# Raw data
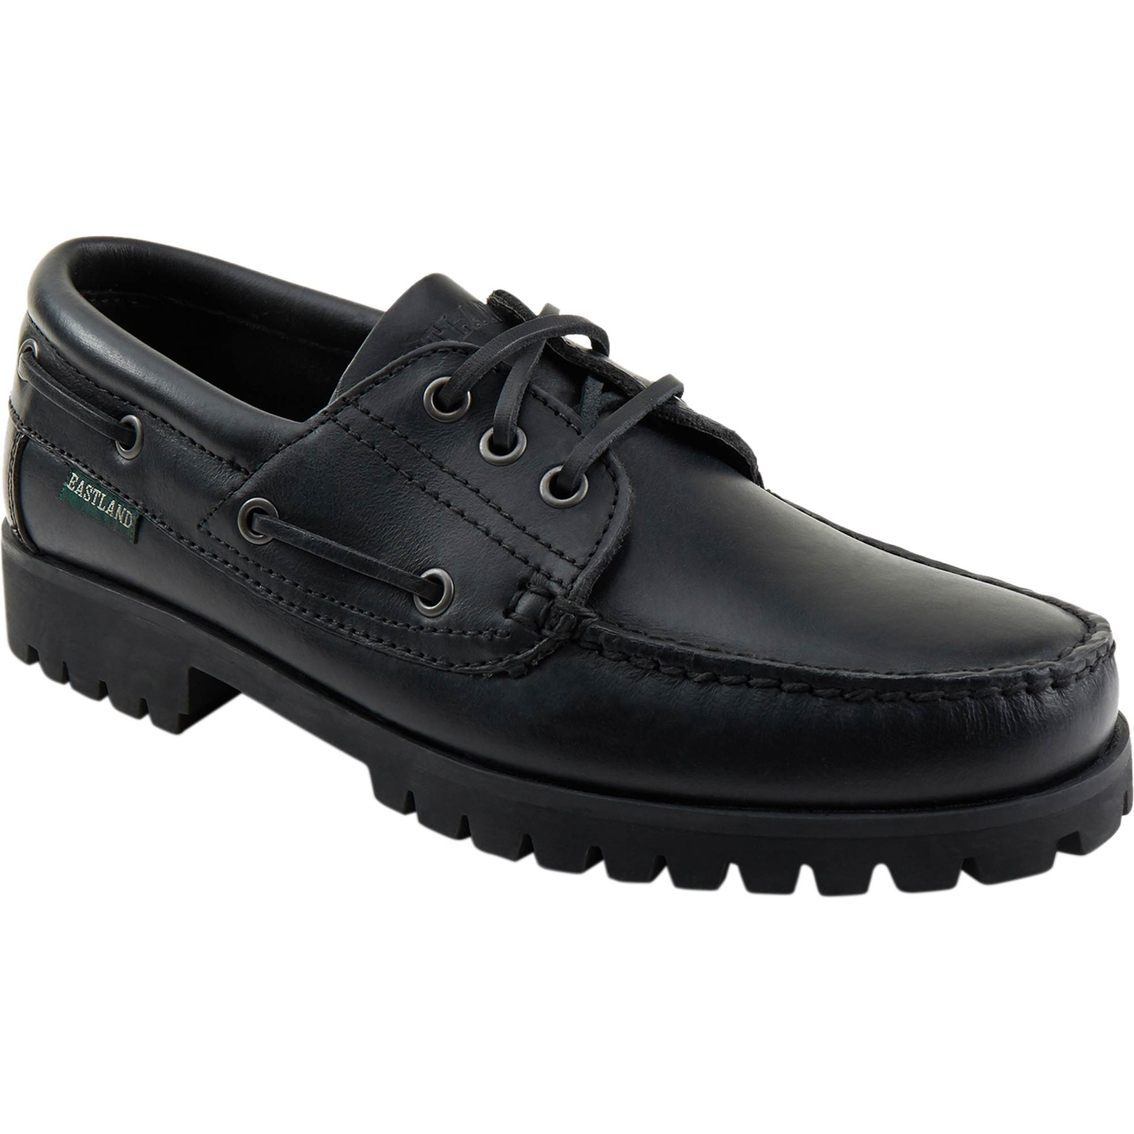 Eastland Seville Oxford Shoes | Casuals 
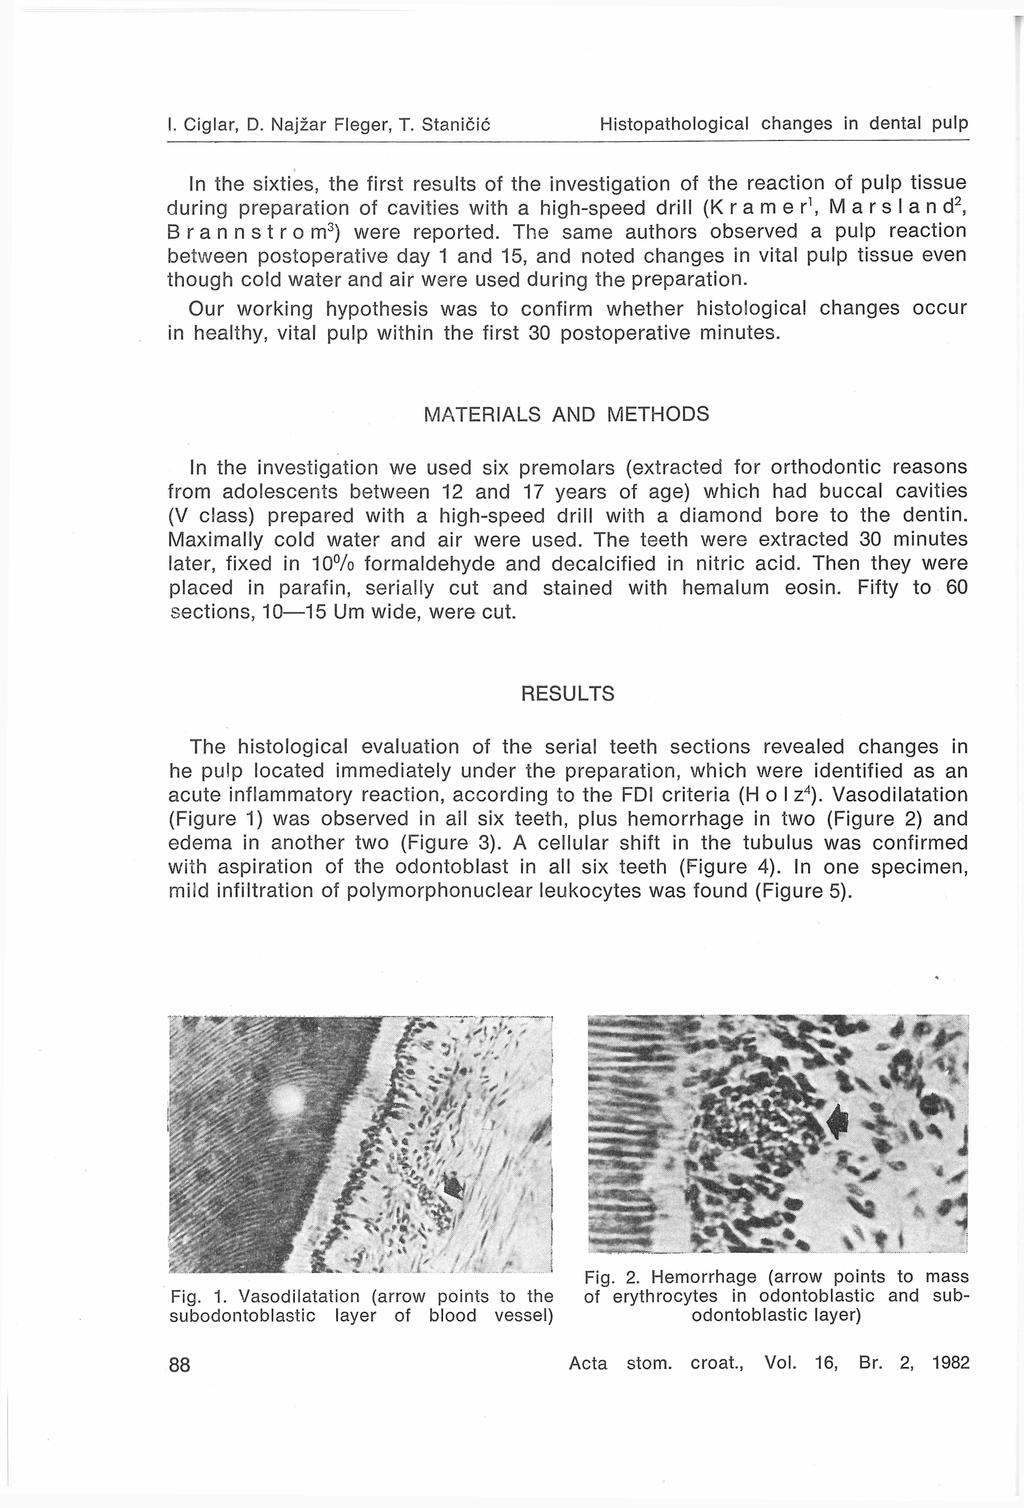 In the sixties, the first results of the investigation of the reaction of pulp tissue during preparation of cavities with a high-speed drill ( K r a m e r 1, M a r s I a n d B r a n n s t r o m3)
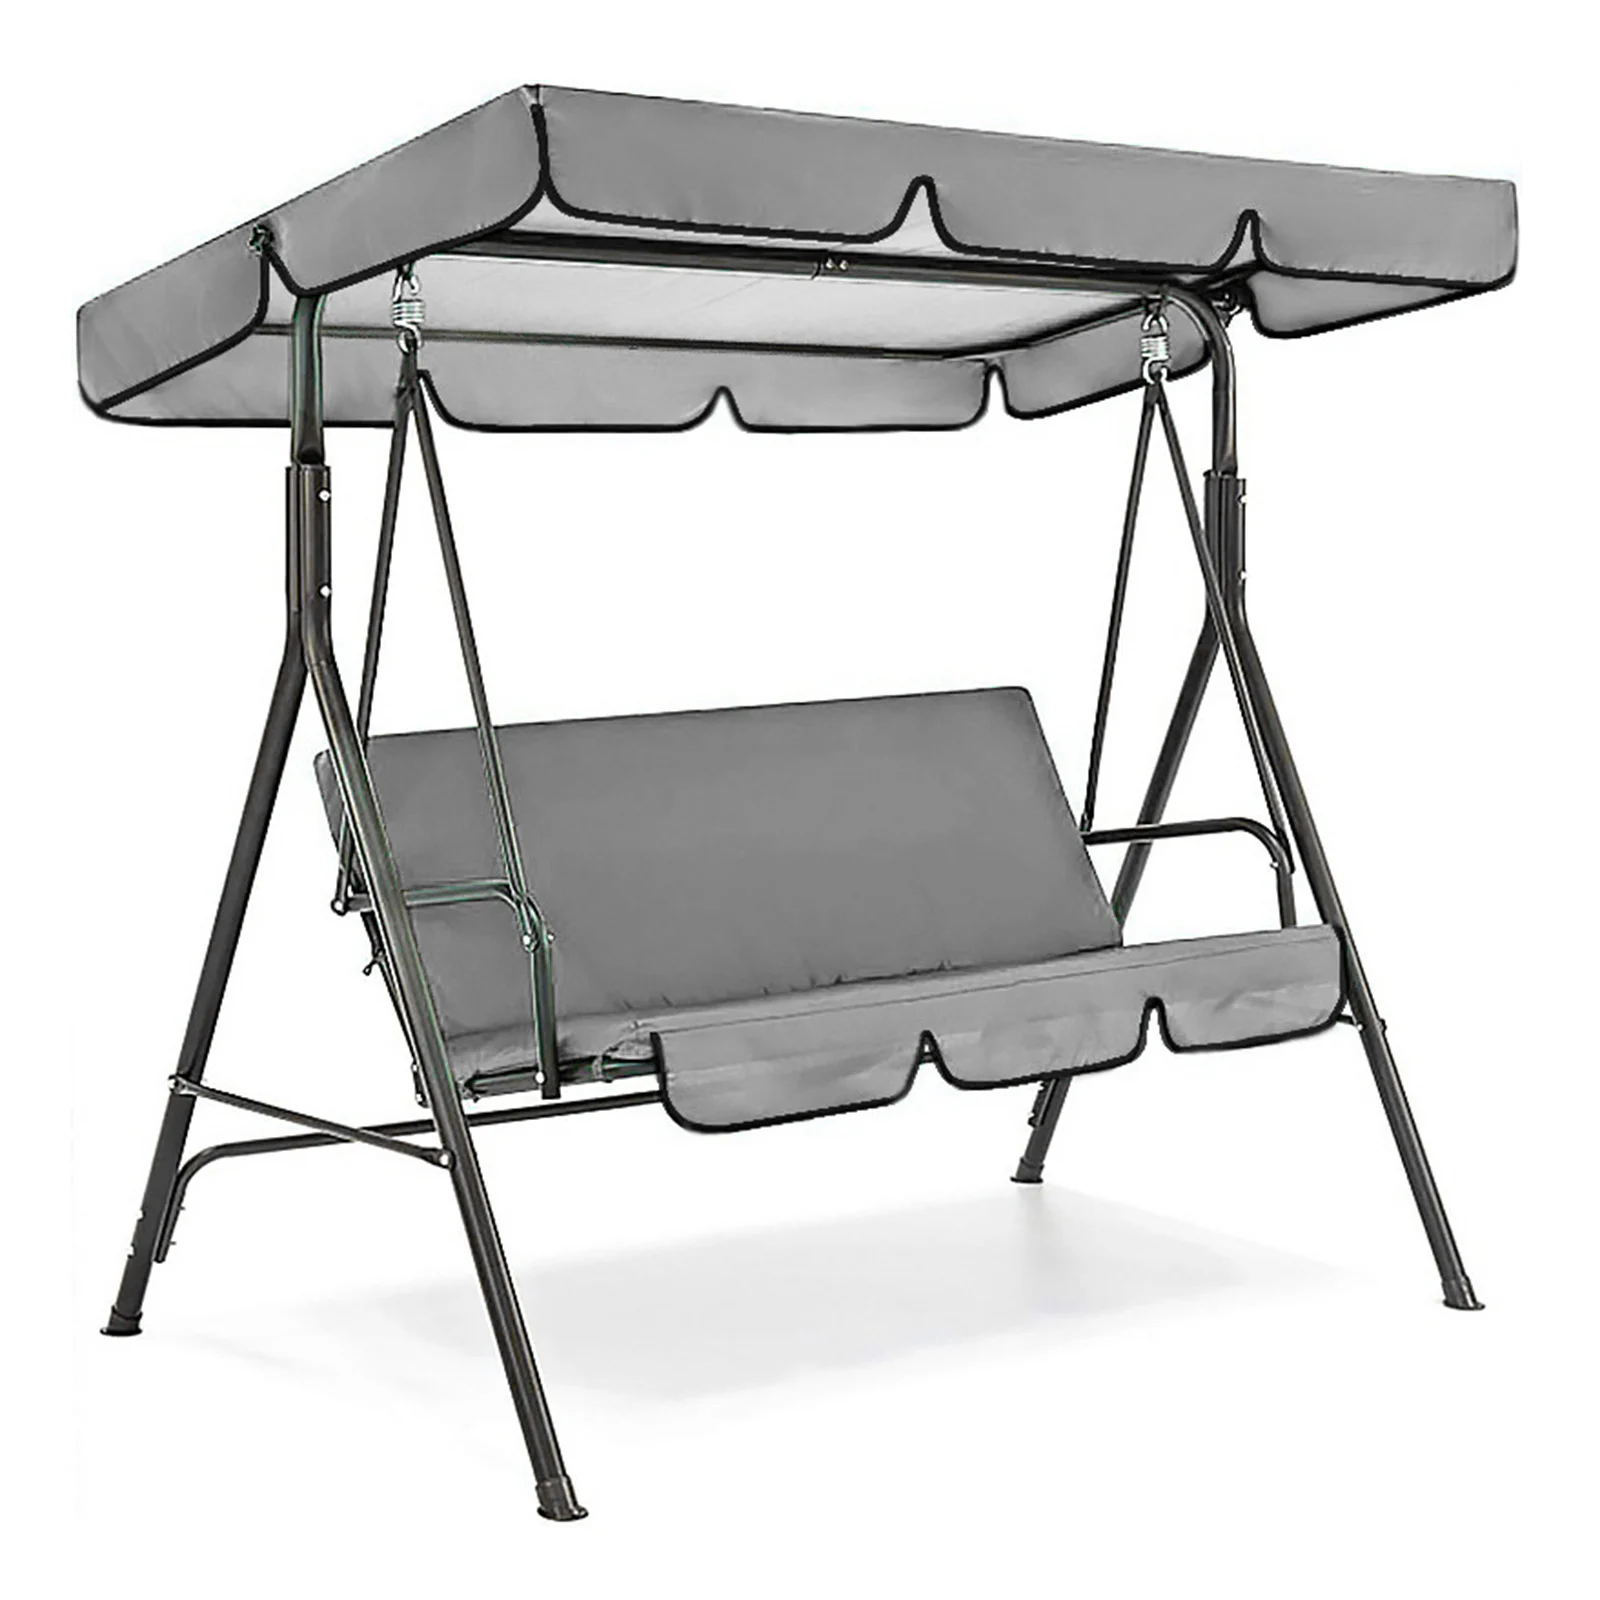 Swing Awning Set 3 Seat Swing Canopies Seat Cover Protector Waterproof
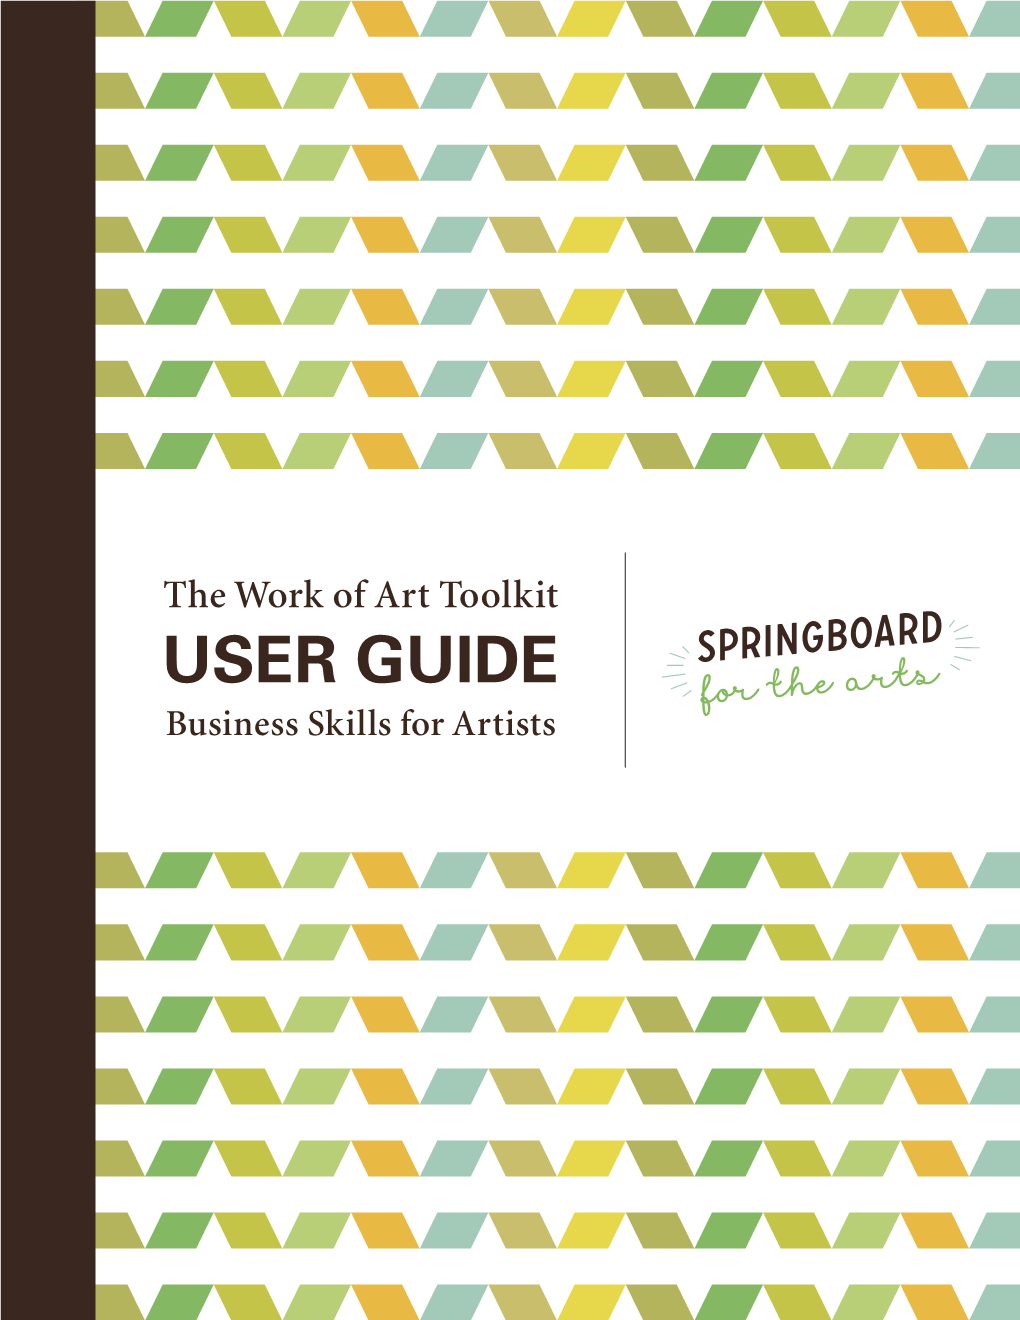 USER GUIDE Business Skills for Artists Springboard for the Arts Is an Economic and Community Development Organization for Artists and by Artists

# Task
An unaltered copy of the material, without images, should be set down.

# Task answer
 Eastland Seville Oxford Shoes | Casuals 
 In the sixties, the first results of the investigation of the reaction of pulp tissue during preparation of cavities with a high-speed drill ( K r a m e r 1, M a r s I a n d B r a n n s t r o m3)
 Swing Awning Set 3 Seat Swing Canopies Seat Cover Protector Waterproof
 USER GUIDE Business Skills for Artists Springboard for the Arts Is an Economic and Community Development Organization for Artists and by Artists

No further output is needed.